WORK REQUIRED: Leave the pictures aside and copy all the data exactly.

INFORMATION SHOWN:
------

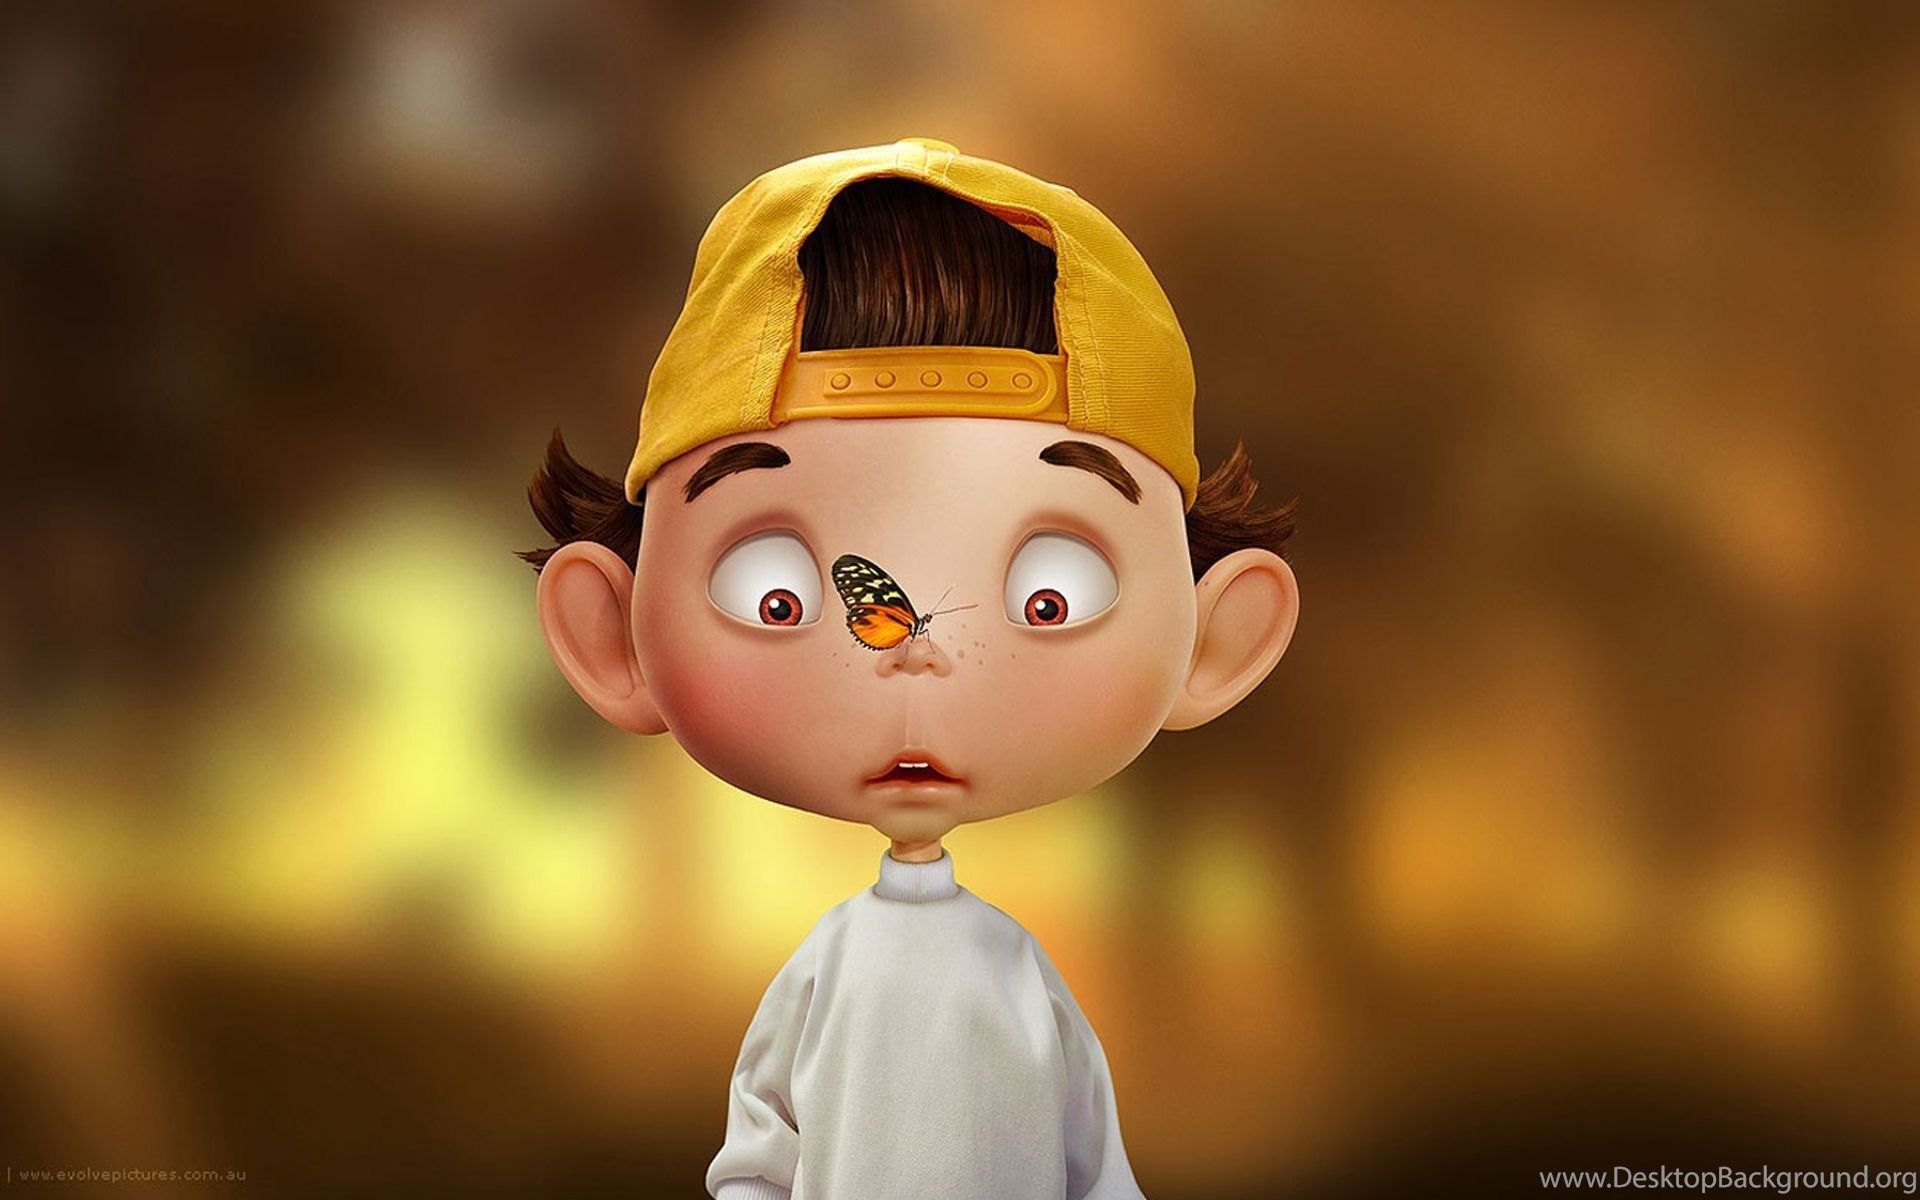 Download 3D Boys Cartoon Animation Wallpaper HD Desktop Mobile. Desktop Background
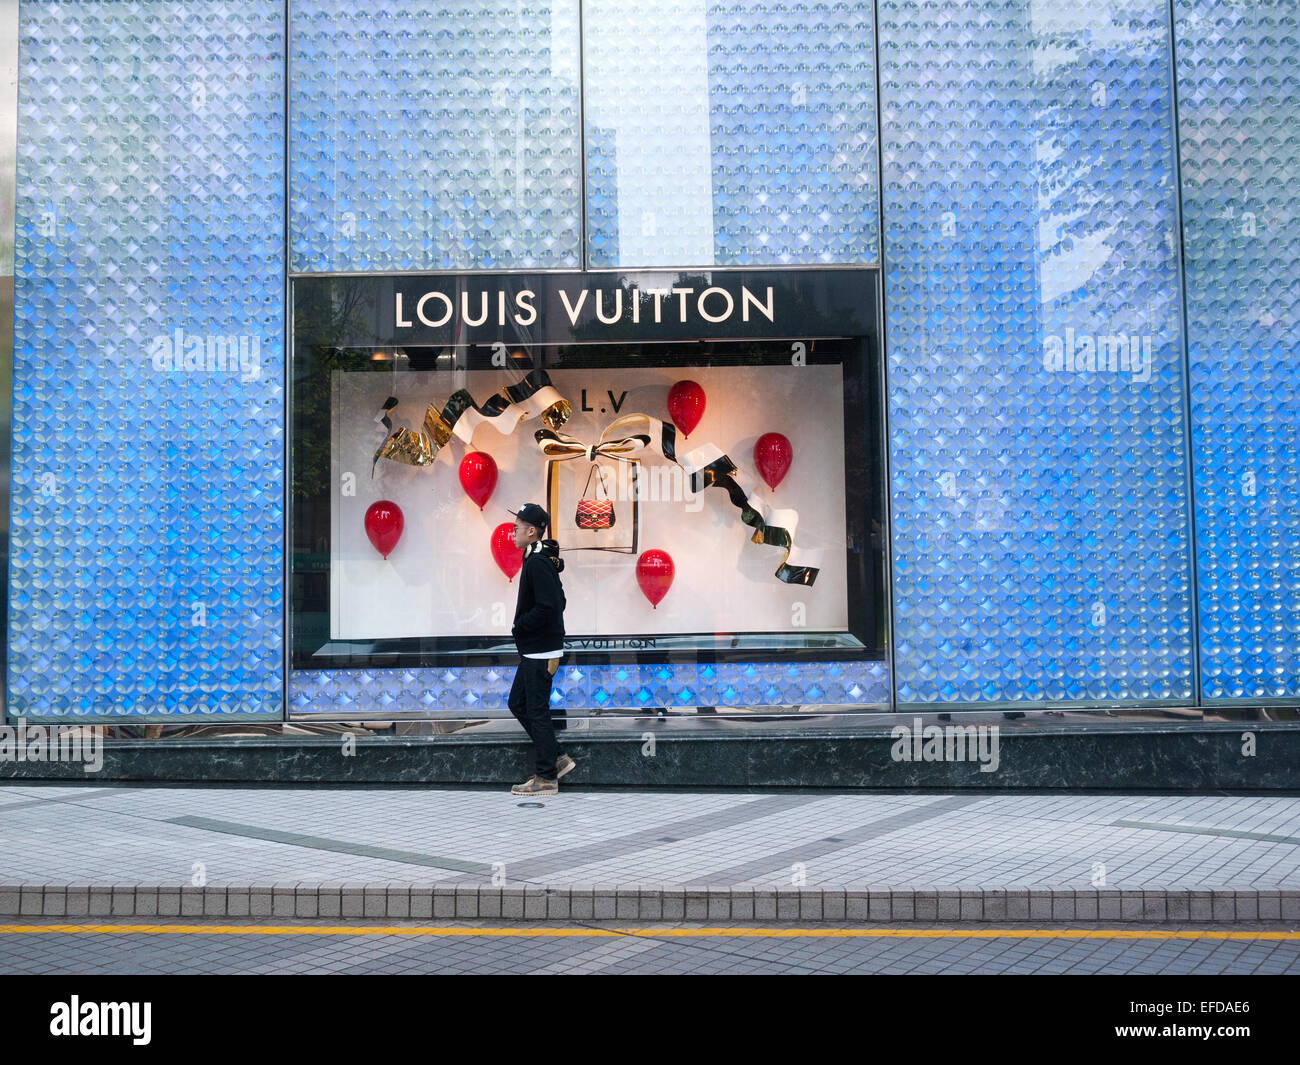 Louis Vuitton store in Hong Kong – Stock Editorial Photo © Krasnevsky  #54957095
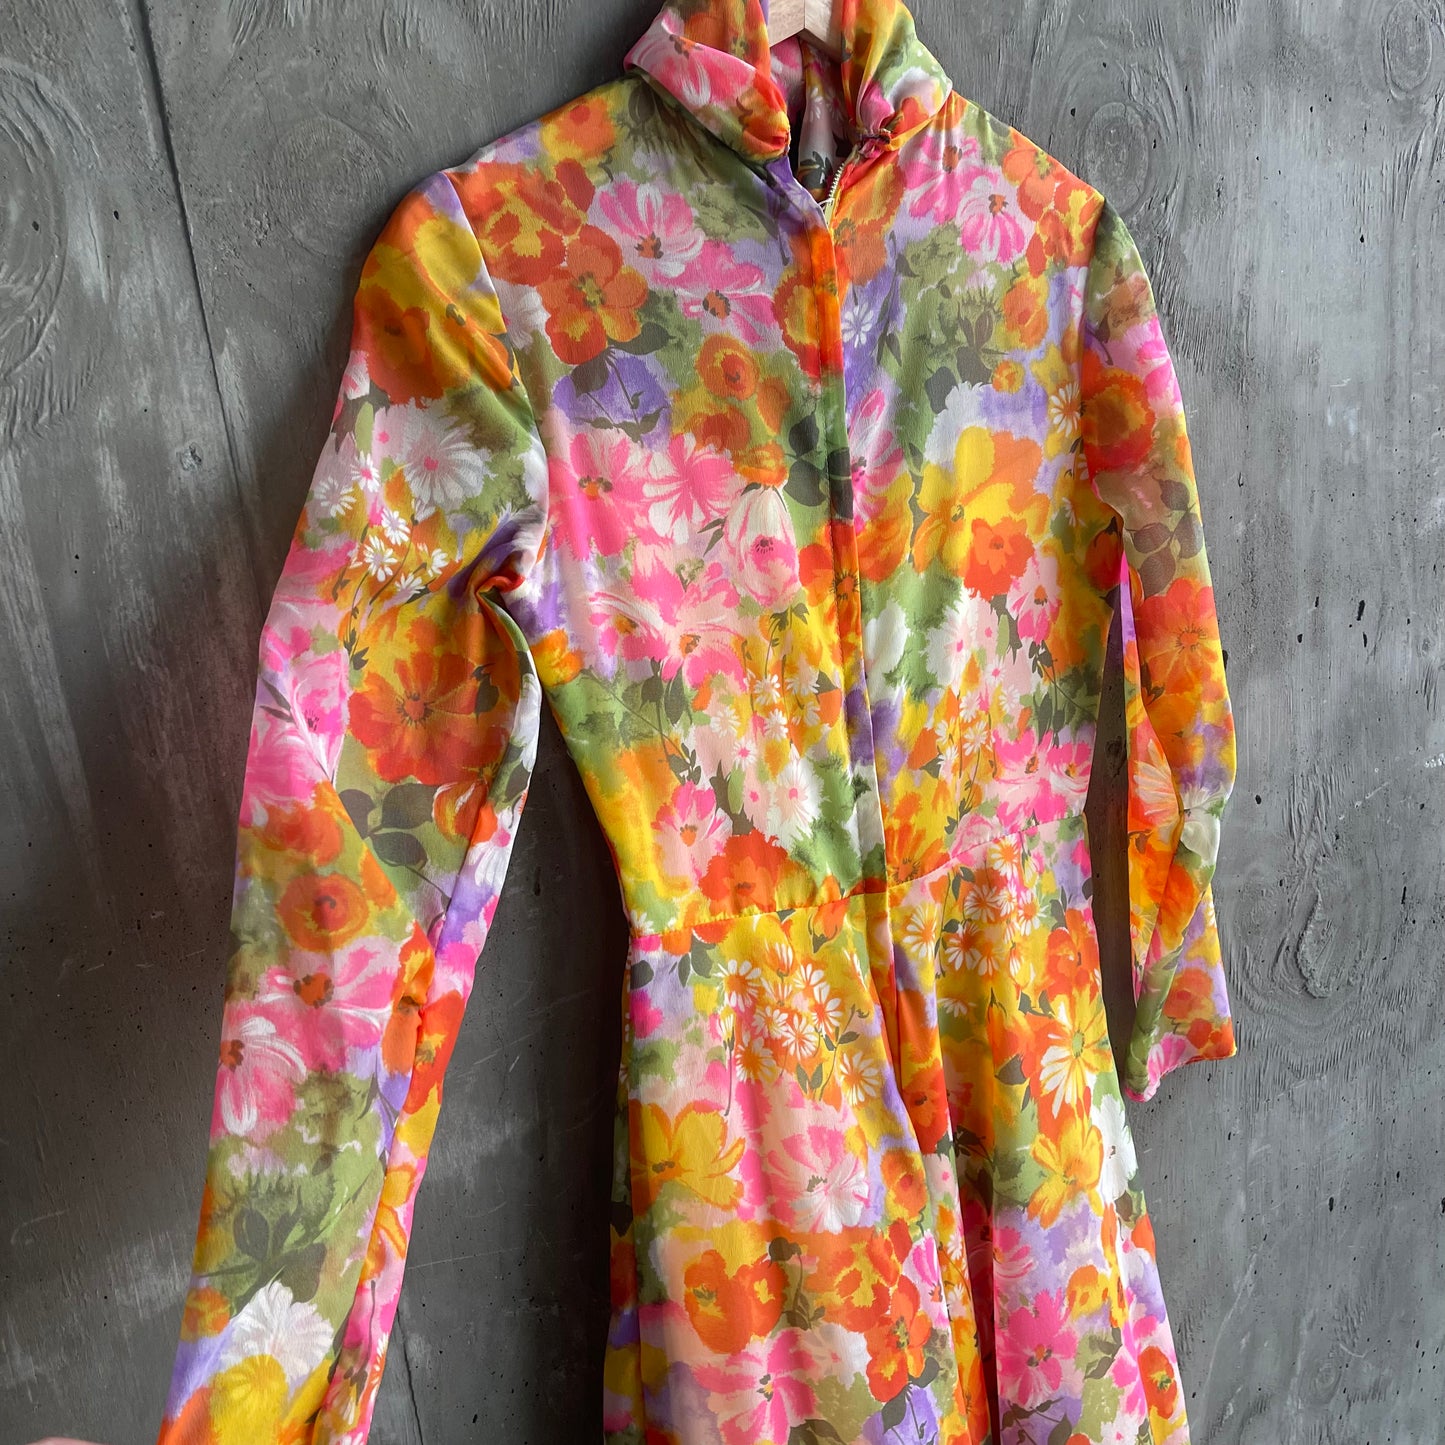 Vintage Prairie Dress in Vibrant Floral Print 70’s Handmade

------

EXERCISE SOLUTION:
 Download 3D Boys Cartoon Animation Wallpaper HD Desktop Mobile. Desktop Background
 Louis Vuitton store in Hong Kong – Stock Editorial Photo © Krasnevsky  #54957095
 Vintage Prairie Dress in Vibrant Floral Print 70’s Handmade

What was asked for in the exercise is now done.